Dataset content:
+ + + + +

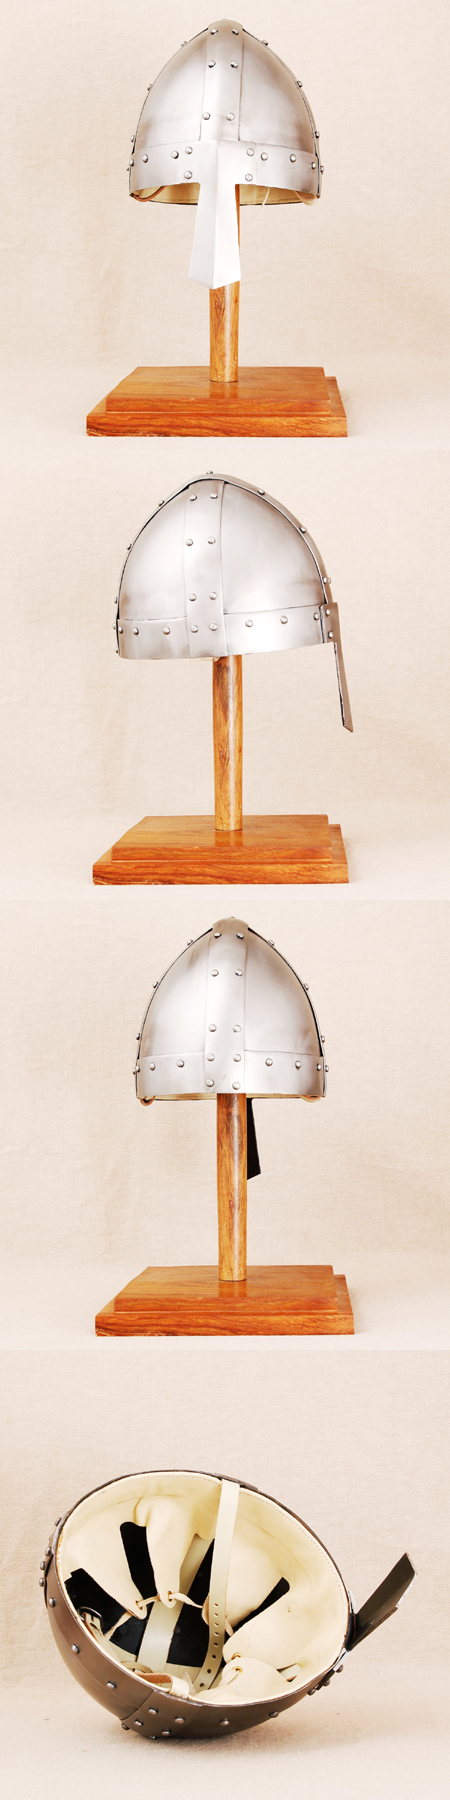 Strong Viking helmet 900 AD - reenactment
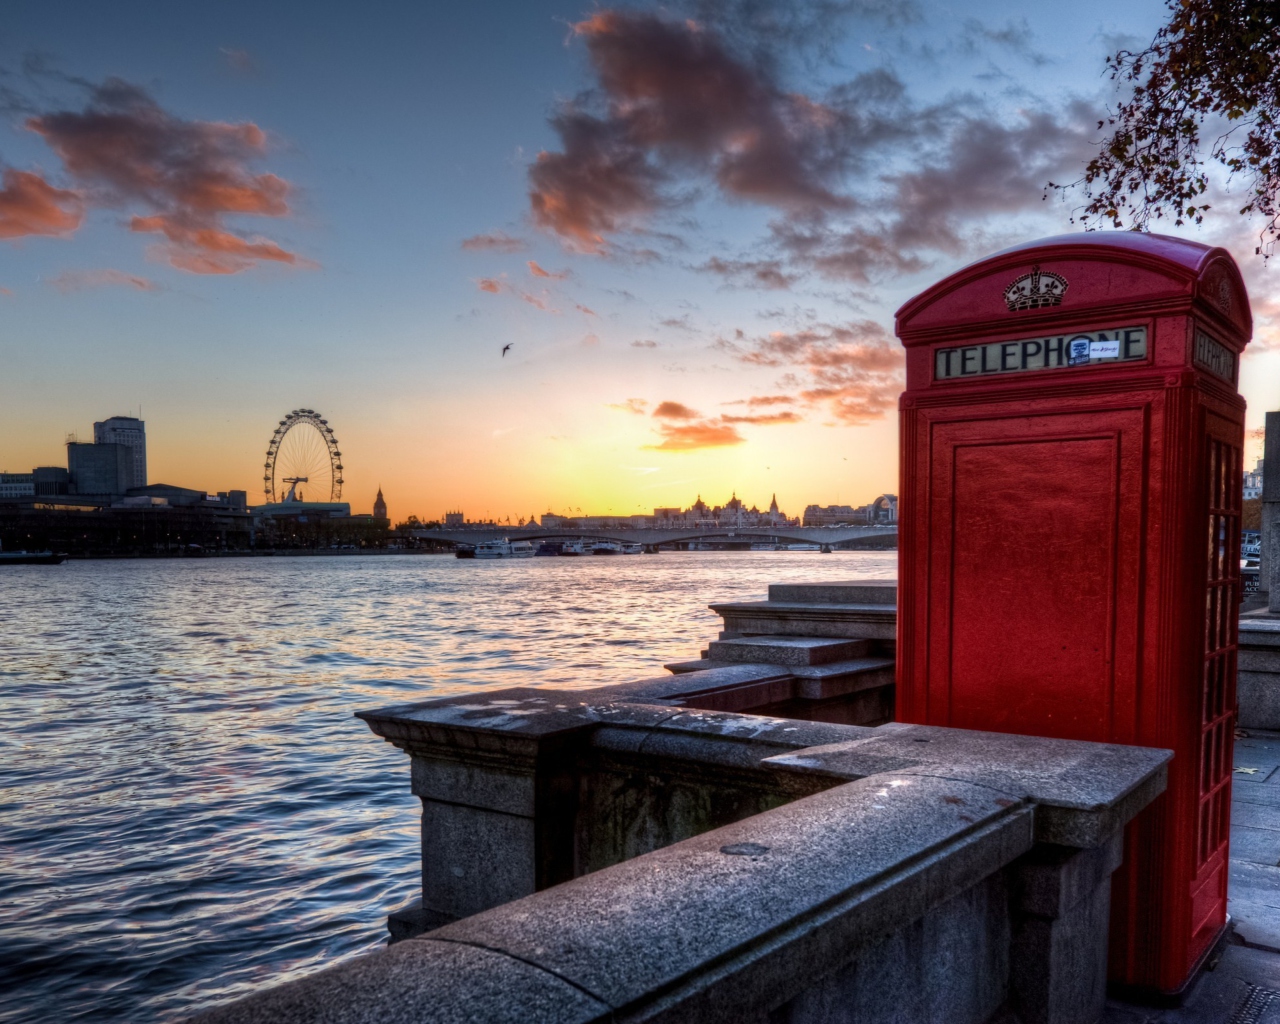 Das England Phone Booth in London Wallpaper 1280x1024
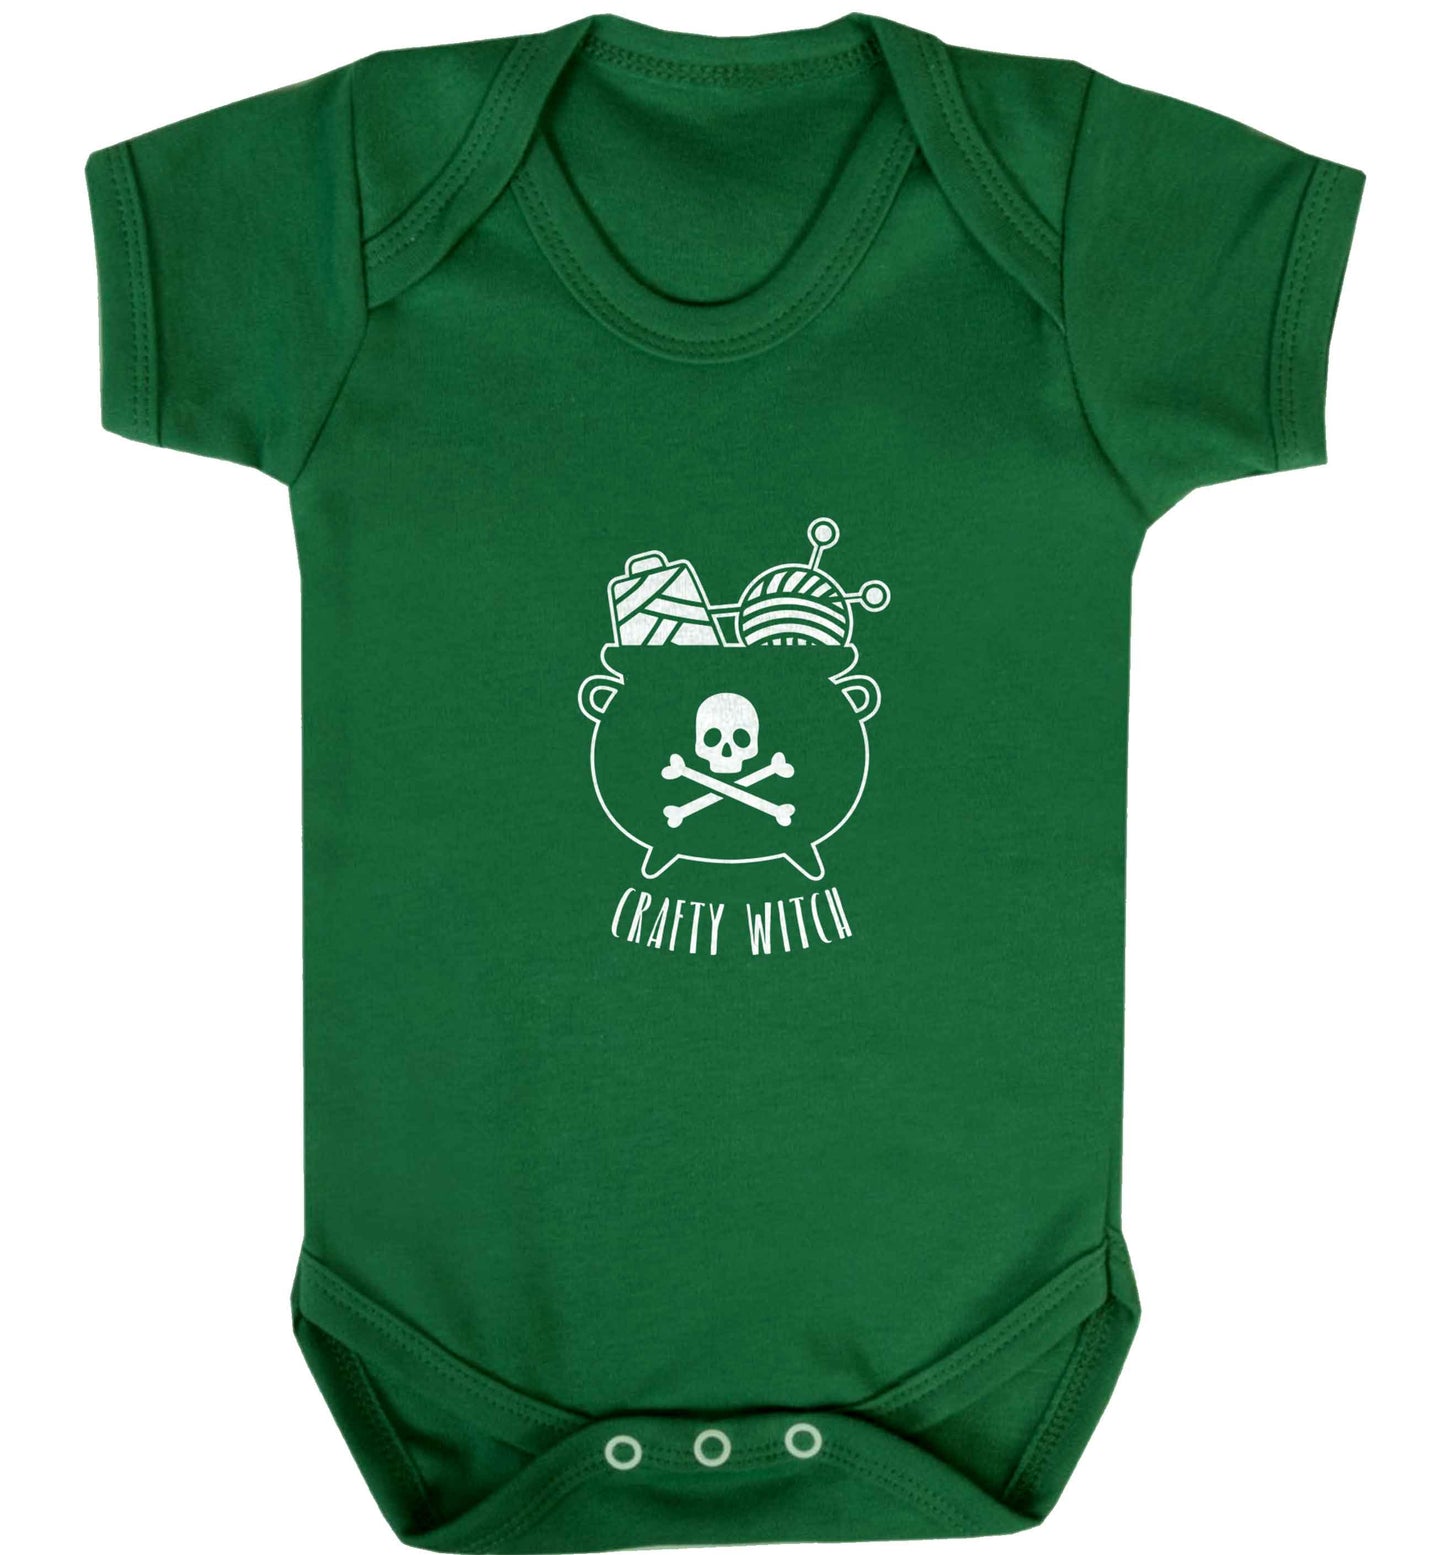 Crafty witch baby vest green 18-24 months

+ + + + +

Reproduce the listing exactly, minus its pictures.

Answer to this task:
 Strong Viking helmet 900 AD - reenactment
 Das England Phone Booth in London Wallpaper 1280x1024
 Crafty witch baby vest green 18-24 months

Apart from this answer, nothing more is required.